The
mu-opioid receptor is an
autoreceptor on hypothalamic
beta-endorphin neurons that when activated inhibits cell firing via increasing an inwardly rectifying
potassium conductance. The membrane hyperpolarization to
DAMGO ([D-Ala2, N-Me-Phe4, Gly-ol5]-
enkephalin) in
beta-endorphin and other arcuate (
ARC) neurons was investigated in hypothalamic slices from control and
morphine-treated, ovariectomized guinea pigs. Chronic
morphine treatment caused both a decreased potency (EC50 220 +/- 10 nM vs. 64 +/- 3 nM in controls) and a decreased efficacy (Vmax: -7.1 +/- 1.1 mV vs. -10.7 +/- 0.6 mV in controls) of
DAMGO in a population of
ARC neurons including
beta-endorphin neurons. In another population of
ARC neurons from
morphine-treated animals,
DAMGO was less potent (EC50: 110 +/- 4 nm) than in controls (EC50: 64 +/- 3nM), but there was not a significant change in the efficacy of
DAMGO. Twenty percent of
ARC neurons did not exhibit any signs of tolerance.
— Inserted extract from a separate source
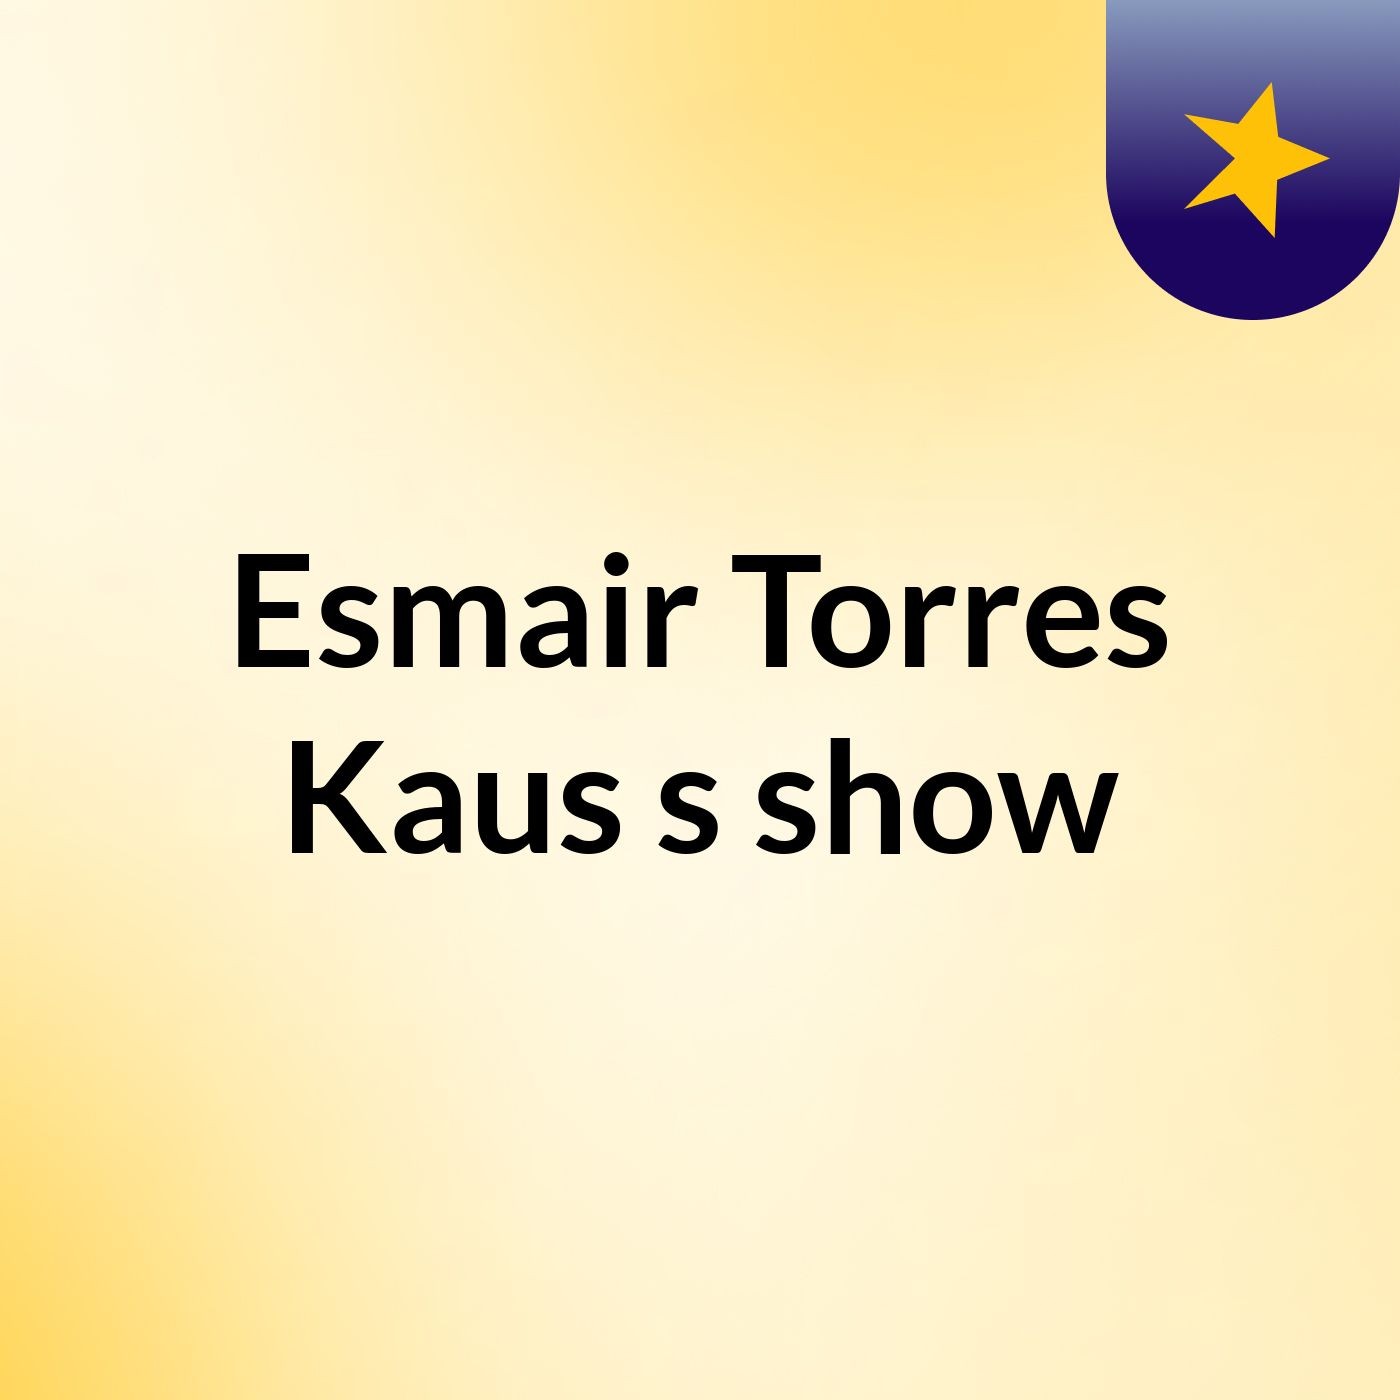 Esmair Torres Kaus's show

The density of
mu-opioid receptors labeled with the antagonist radioligand [3H]
diprenorphine was found to be significantly decreased in the
ARC and surrounding mediobasal hypothalamus after
morphine treatment (Bmax: 217 +/- 9 vs. 276 +/- 16 fmol/mg
protein in controls), which is consistent with the altered response in
beta-endorphin neurons. In summary, chronic
morphine treatment decreases
mu-opioid receptor density and the functional coupling of
mu-opioid receptors to K+ channels in
ARC neurons. This expression of
morphine tolerance by
beta-endorphin (
ARC) neurons may serve as a homeostatic mechanism to maintain
opioid control of a variety of systems ranging from reproduction to motivation and reward.